One simple case is when K is a metric space. Since it is compact, it is separable. Choose a dense set $\{y_n\} $ of K, them the functions $x \mapsto d (x,y_n) $ generate a separable subalgebra of C(K) that is dense by Stone weierstrass. Hence C(K) is separable.

However, for each $x\in K $, the evaluation maps $ev_x $ are bounded linear functionals at a distance 1 from each other. Thus if K is infinite, then $C(K)^{\ast} $ is not separable, and so C(K) cannot be reflexive.

OTOH, if K is finite, the C(K) is finite dimensional and hence reflexive.

Answer 3

There is another different answer to you question in the special case that you allow $C(K)$ for $K = \mathbb T$, the torus, to be equipped with the weak topology.

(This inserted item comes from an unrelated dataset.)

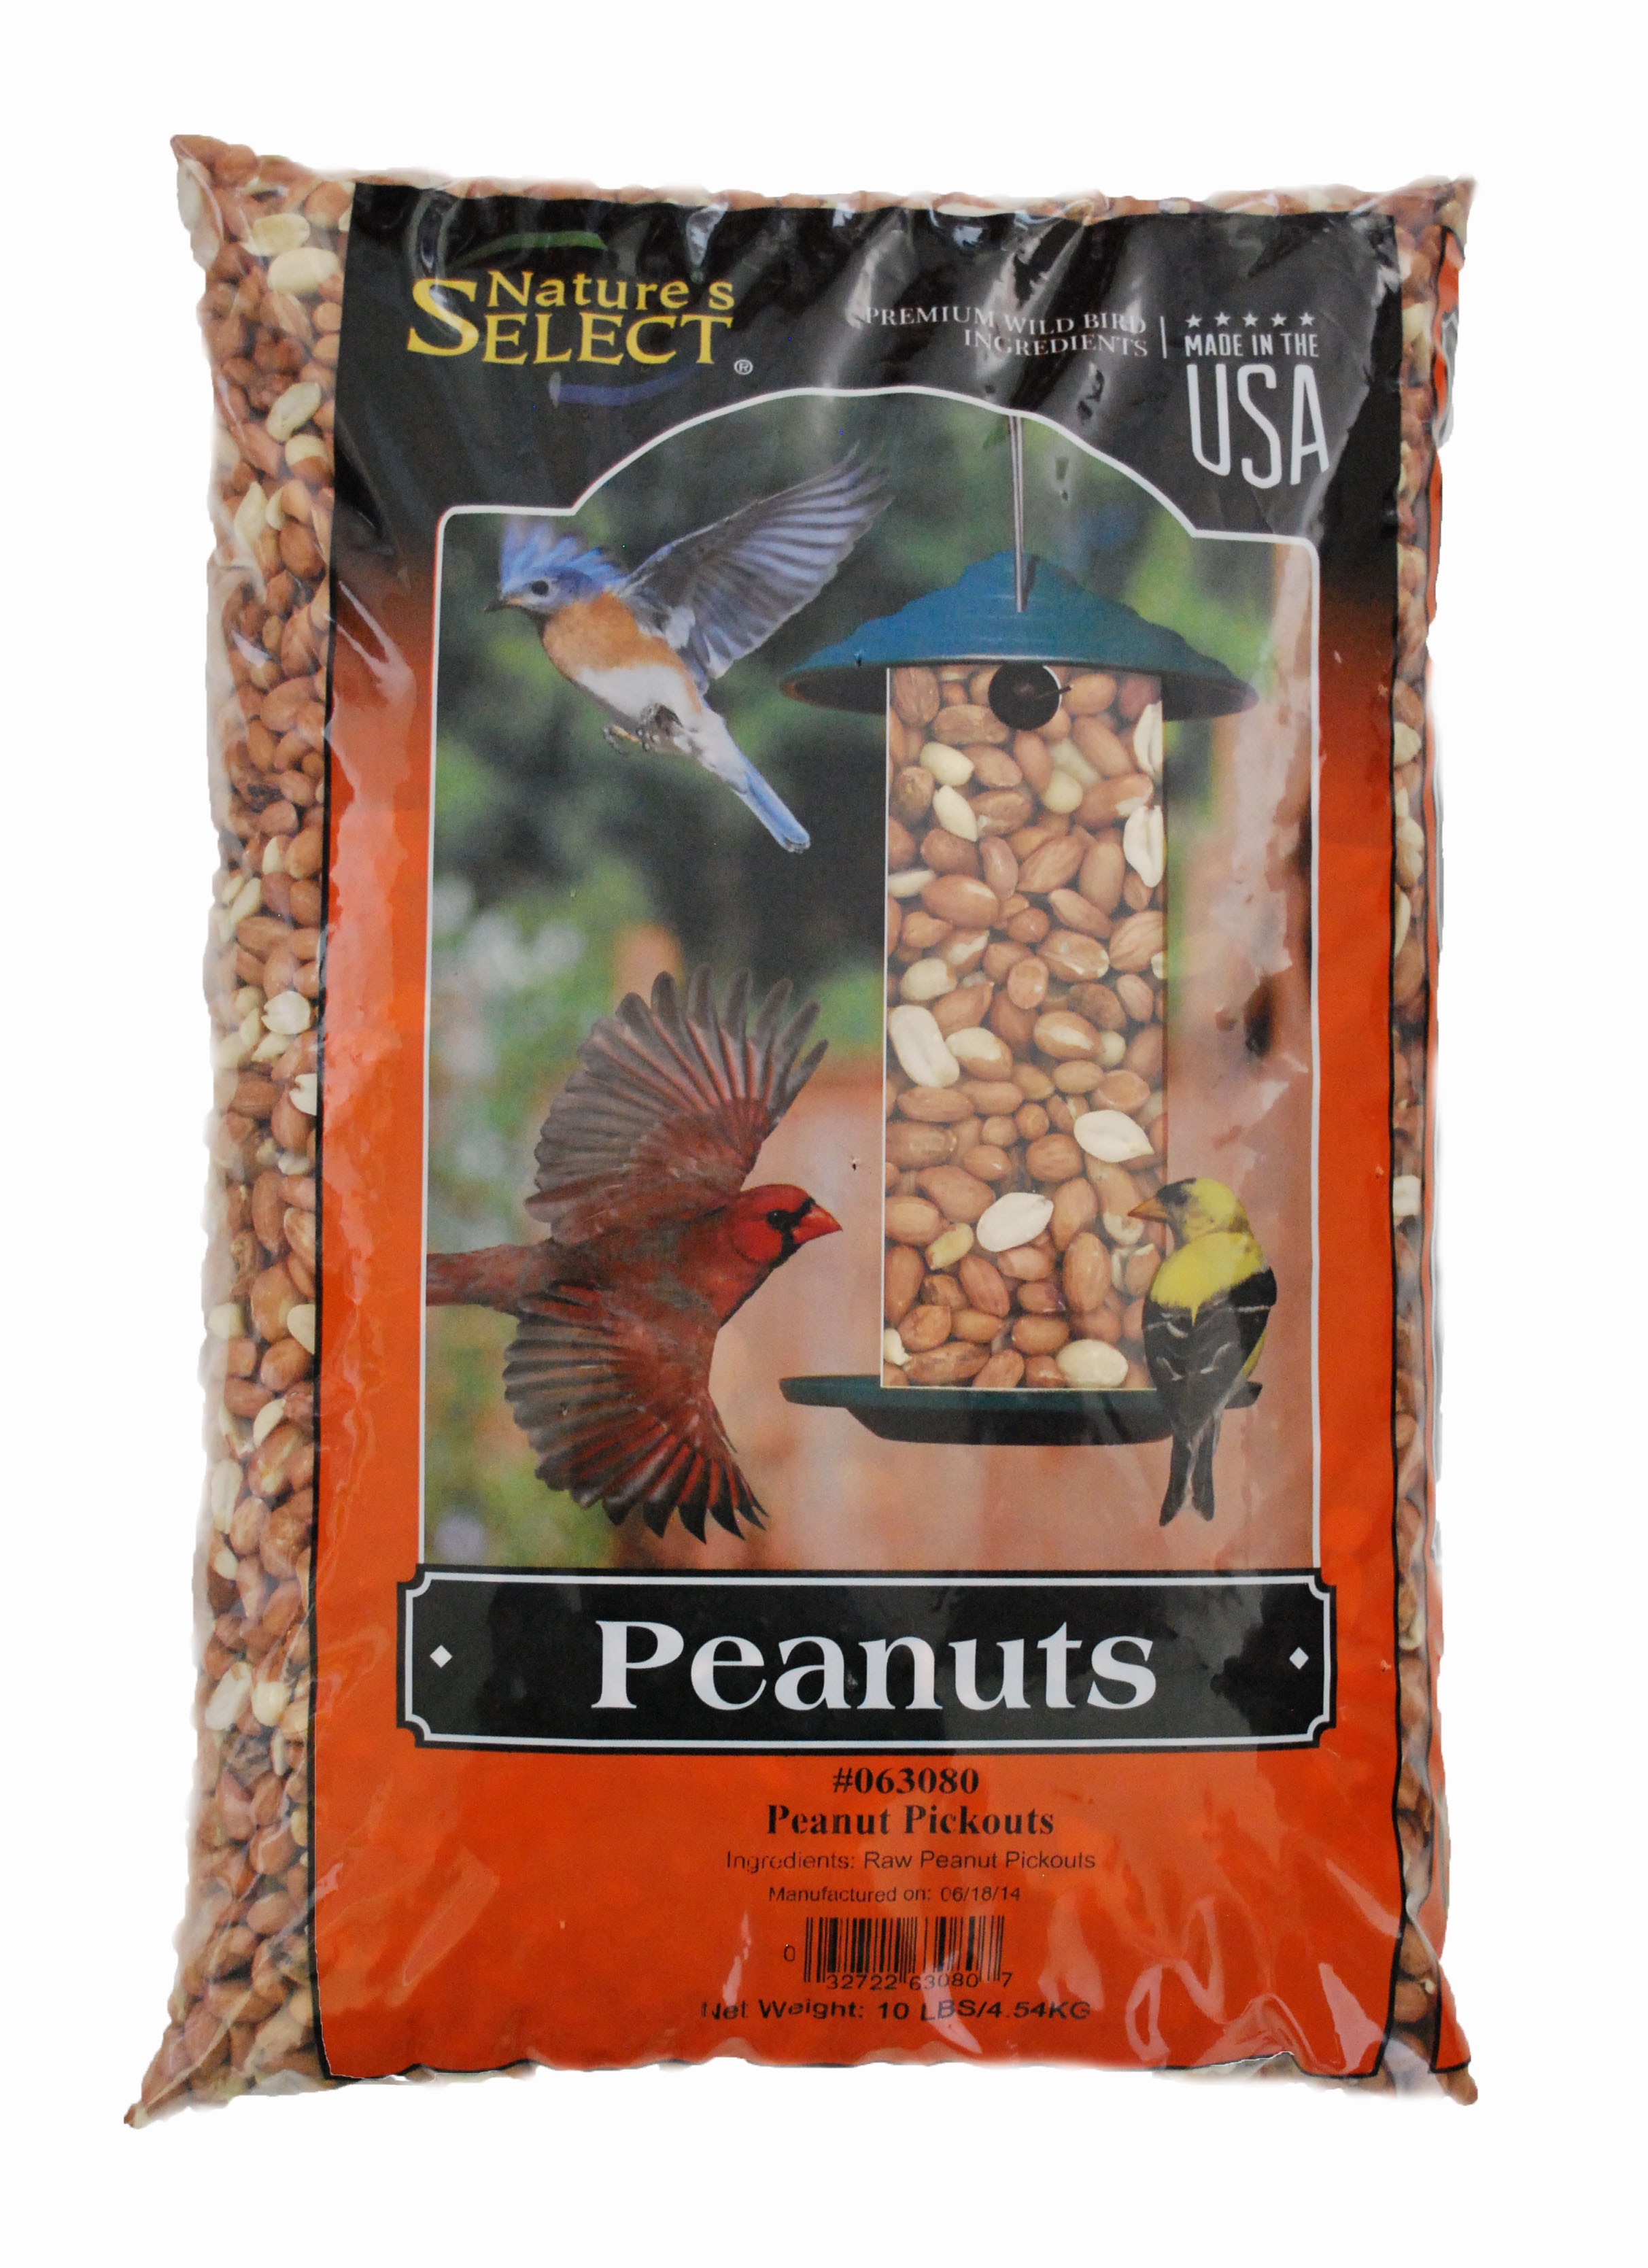 Nature's Select Peanut Pickouts, 10 LB

The following is taken from the article Exact Support Recovery for Sparse Spikes Deconvolution by Vincent Duval and Gabriel Peyré, from subsection 2.1 Topology of Radon Measures:

$M(\mathbb T)$ can be defined as the dual space of $C(\mathbb T)$ endowed with the uniform norm $\| \cdot \|_{\infty}$. It is naturally a Banach space when endowed with the dual norm (also called total variation norm) $$ \| m \|_{\text{TV}} := \sup_{\substack{f \in C(\mathbb T) \\ \| f \|_{\infty} = 1}} \int_{\mathbb T} f dm. $$ In that case the dual of $M(\mathbb T)$ is a complicated space, and it is strictly larger than $C(\mathbb T)$, as $C(\mathbb T)$ is not reflexive. However, if we endow $M(\mathbb T)$ with its weak$^*$ topology (i.e. the coarsest topology such that elements of $C(\mathbb T)$ defined continuous linear functionals on $M(\mathbb T)$), then $M(\mathbb T)$ is a locally convex space whose dual is $C(\mathbb T)$. Thus if we endow $C(\mathbb T)$ with its weak and $M(\mathbb T)$ with its weak$^*$-topology, both have symmetrical roles, on is the dual of the other, and conversely.